The predictions of trans-spliced gene TSSs were performed based on the assumption that pairs of TSCs and TACs have the same expression pattern, but there is a possibility that the rate of trans-splicing of a given gene is controlled differently across tissues. In this case, pairs of TSCs and TACs will not have the same expression pattern, and therefore, our method can miss such pairs. However, whereas the distribution of predicted outron length showed the same properties as that reported in C. elegans (Kruesi et al. 2013), the distribution of distance between pairs of TSCs and TACs that have different expression patterns did not show them (Supplemental Fig. 35). It seems that the assumption is useful for the prediction, at least in this study. Although predicted TSSs are not experimentally validated by additional approaches, these data will contribute to future analysis of cis-regulatory regions of the trans-spliced genes.
Methods
Data sources
In order to determine TSSs in C. intestinalis, we applied TSS-seq (Yamashita et al. 2011) to four different adult tissues (ovary, heart, body wall muscle, and neural complex) and one developmental stage (larva) to obtain five sets of reads data. Adult tissues were obtained from mature adults of C. intestinalis that were collected from harbors in Murotsu, Hyogo, Japan, or were obtained from the National BioResource Project. Larvae were obtained as described previously (Yoshida et al. 2007). The reads data are 36-nt single-end reads.

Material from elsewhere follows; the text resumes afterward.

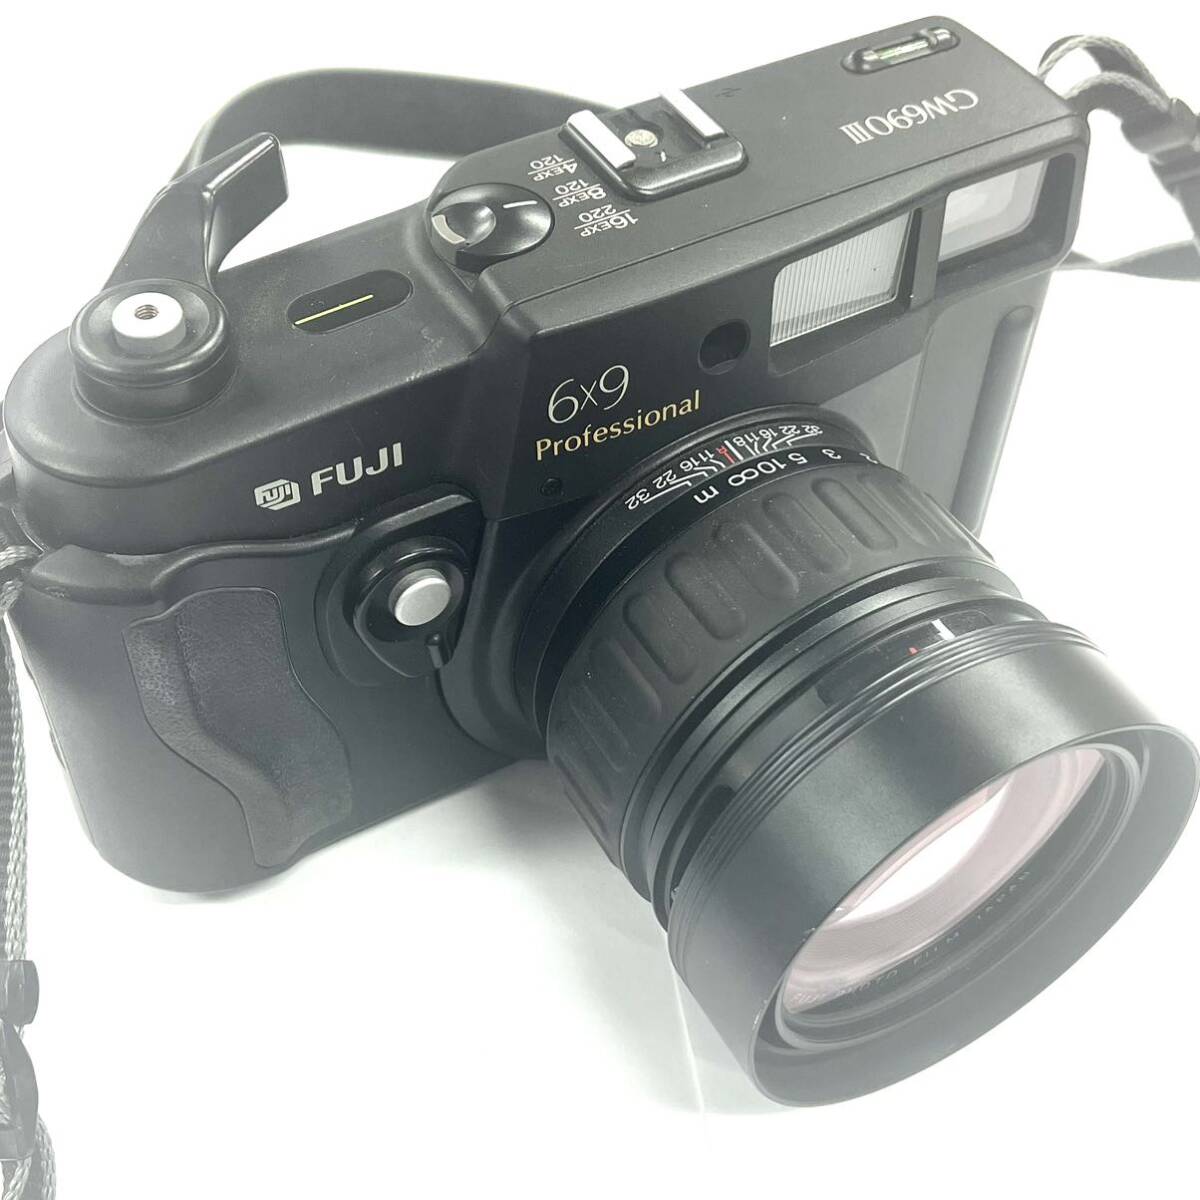 N386 フィルムカメラ FUJIFILM GW690III 6x9 Professional EBC FUJINON 1:3.5 f=90mm ジャンク品 中古 訳ありの画像10

Identification of TSCs and TACs
TSCs and TACs were identified by clustering candidate TSSs and TASs, respectively. Details of the clustering method are described in Supplemental Methods. Each cluster consisted of up to five and 15 clusters derived from each sample in C. intestinalis and human, respectively. The representative position of each cluster was determined by a majority vote of the most frequent positions obtained from clusters with 100 tags or more derived from each sample. If there were two or more representative positions, the most upstream position was used. Also, of the clusters derived from each sample with the most frequent position as the representative position, the cluster with the greatest number of tags was selected as the representative cluster. The clusters with more than 100 tags in the representative cluster were not used in this study. Unless otherwise noted, the TSS distribution of a TSC indicates that of the representative TSC. The width of a TSC was defined as the distance from the fifth percentile to the 95th percentile of the TSS distribution.
Data access
TSS-seq data from this study have been deposited in the NCBI Sequence Read Archive (SRA; http://www.ncbi.nlm.nih.gov/sra/) under accession number SRP063032.
Supplementary Material
Acknowledgments
This study was supported in part by Grants-in-Aid for Scientific Research from the Japan Society for the Promotion of Science (JSPS; 22310120 and 25290067). Computational resources were provided by the supercomputer system at Human Genome Center, Institute of Medical Science, the University of Tokyo.
Footnotes
[Supplemental material is available for this article.]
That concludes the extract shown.